A system and method for storing and retrieving fixed-width and compressed characters of at least one font, which includes memory having a plurality of memory addresses for storing instructions and encoded character font data representing fixed-width and compressed characters, wherein the encoded character font data for a fixed-width character of any given font is identical to the encoded character font data for a compressed character for the same font. The system addresses the plurality of memory addresses so as to read out the encoded character font data and then, depending upon the value of a control signal generated by the system's control unit, decodes the encoded character font data through a decoder as either a fixed-width or compressed character. The fixed-width or compressed character is then displayed on a dot-matrix display. Each memory address commonly contains a plurality of bits which represents a column of said character. A first subset of the bits may then be set or not set in accordance with the particular shape and form of that particular columnar portion of the character. A second subset of bits are then set or not set to indicate which column(s) may be ignored for generation of the compressed characters. The instant invention thus achieves both storage simplicity and display efficiency, by providing a system which can store character font data for both the fixed-width and compressed characters of any given font using the same memory addresses, but which can display those characters of that font using only the minimum amount of columns necessary to accurately represent same.

BACKGROUND OF THE INVENTION 
The field of the invention is computing devices which store and retrieve 
character font data and which display same on dot-matrix displays. More 
specifically, this invention relates to a system and method for storing 
and displaying data which represents both fixed-width and compressed 
characters in computing devices having semiconductor memories and further 
having dot-matrix displays for displaying said characters. 
1. Definitions 
The term "character" herein is used to designate any letter, number, 
punctuation mark, or special character or symbol which can be produced on 
a display. 
The term "font" herein is used to designate a complete collection of 
letters, punctuation marks, numbers, and special characters with a 
consistent and identifiable typeface, weight, posture (e.g., upright or 
italic) and size. 
The term "fixed-width character" or "fixed-width format" is used herein to 
designate a character represented by a fixed or uniform number of columns 
of display "dots", irrespective of the particular nature or shape of said 
character. 
The term "compressed character", "proportionally-spaced character", or 
"compressed format" is used herein to designate a character which may be 
represented by a variable number of columns of display "dots", depending 
upon the particular nature and shape of said character. 
2. Background 
Computing devices which retrieve serially stored data and display the 
characters represented by such data on dot matrix displays, are well known 
in the art. In such devices, data representing a particular portion of a 
subject character is stored in a distinct memory location or address 
within the device's semiconductor memory. As data is generally stored in 
such memory in the form of bytes, each memory address commonly contains 
one byte of information which represents a columnar portion of said 
character. The eight bits of said byte may then be set or not set in 
accordance with the particular shape and form of that particular columnar 
portion of the character; that is, each bit will be set to a digital 1 or 
0 to indicate whether that particular "dot" of the dot matrix display 
which is associated with that particular bit will be activated, or turned 
"on". 
One form of memory storage and display known in the art is shown in FIGS. 
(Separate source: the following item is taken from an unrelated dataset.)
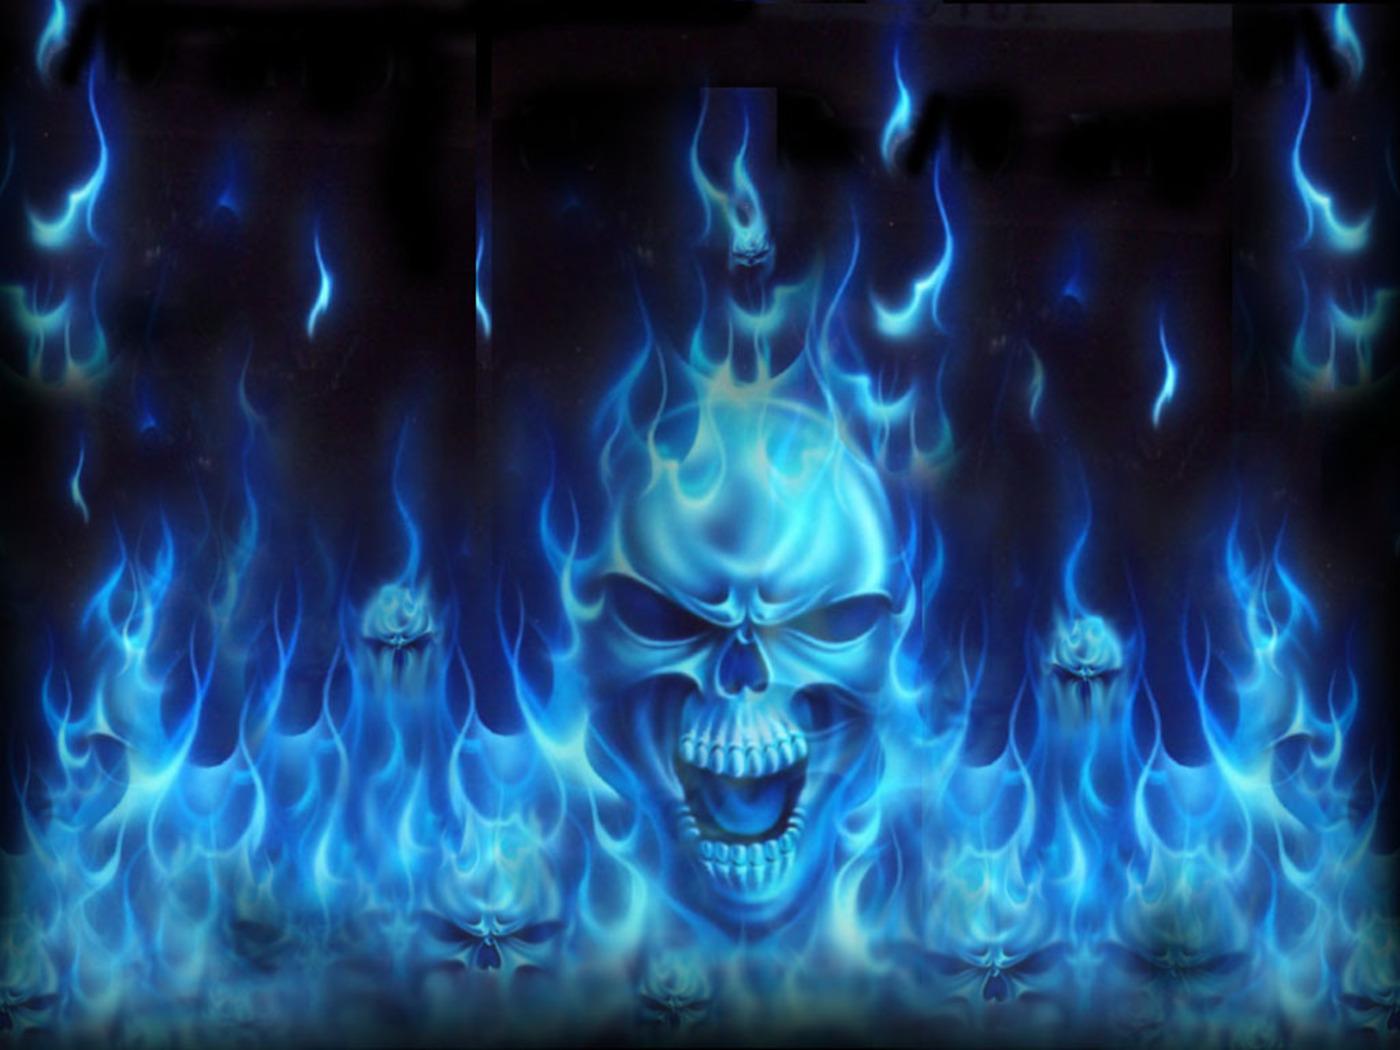 AWESOME SKULLS N STUFF images skull wallpaper cool HD 1400x1050

1a and 1b. Specifically, FIGS. 1a and 1b respectively show the letter "M" 
as stored as character font data in a semiconductor or similar memory, and 
as displayed on a dot matrix display. It will be appreciated that due to 
the presence of two diagonal lines in the letter "M", proper display of 
same requires at least five columns of the dot matrix display. Again, 
since each memory address generally contains one columnar portion of a 
character, five memory addresses (e.g., addresses 3001-3005 in FIG. 1a) 
are therefore also required, with, for example, memory address 3001 
containing the information representing the leftmost columnar portion of 
the letter "M". As the last five bits of memory address 3001 are each set 
to "1", each dot of the dot matrix display will be activated or 
illuminated. (It will be seen from FIG. 1a that each of the first three 
bits of each byte is set to "X", to represent a "don't care" state. In 
accordance with the present invention, as set forth in the following 
discussion, these bits serve as flag bits which may be set or not set 
depending upon the width of the character to be displayed. However, for 
purposes of representation of a character or symbol on a display, these 
bits are ignored.) 
As discussed above, at least five columns of a dot matrix display are 
required to accurately and properly represent the letter "M". In fact, all 
alphanumeric characters, and many symbols, may be displayed on a dot 
matrix display using five columns and five rows of a dot matrix display; 
that is, using a 5.times.5 dot matrix. However, it will be understood that 
some characters of any given font do not require as many as five columns 
in order to be fully and accurately represented. Thus, for example while 
the letter "M" requires five columns to be fully and accurately conveyed, 
the letter "H" could be completely displayed using only three columns. As 
display space is often limited (as is the case with timepiece displays), 
it would be desirable to display characters using the minimum amount of 
columns necessary to accurately represent each character or symbol; i.e., 
by using proportional-spacing or character compression. Furthermore, not 
only would such compressed characters require less display space, but, as 
importantly, the encoded data which represents such characters would also 
require a fewer number of memory addresses and thus less memory, which, as 
with display space, is also often at a premium, especially in smaller 
devices such as timepieces. 
For purposes of simplicity of storage and retrieval memory, however, it is 
usually desirable to store character data using a uniform number of 
columns, and therefore memory addresses, to represent each character or 
symbol of any given character. Again, since some characters require at 
least five columns for complete representation, a uniform format would 
mandate that aft characters be represented by five columns, or five memory 
address locations. In such a system, these characters would all have a 
fixed or uniform "address width" (i.e., number of address locations), 
irrespective of the particular "address width" needed to represent any 
particular character, and any resulting display of that character on a 
display would also be of a uniform or fixed width. Thus, looking to the 
example above, the letter "H" would be represented by five columns of 
data, even though only three columns of display would be required. 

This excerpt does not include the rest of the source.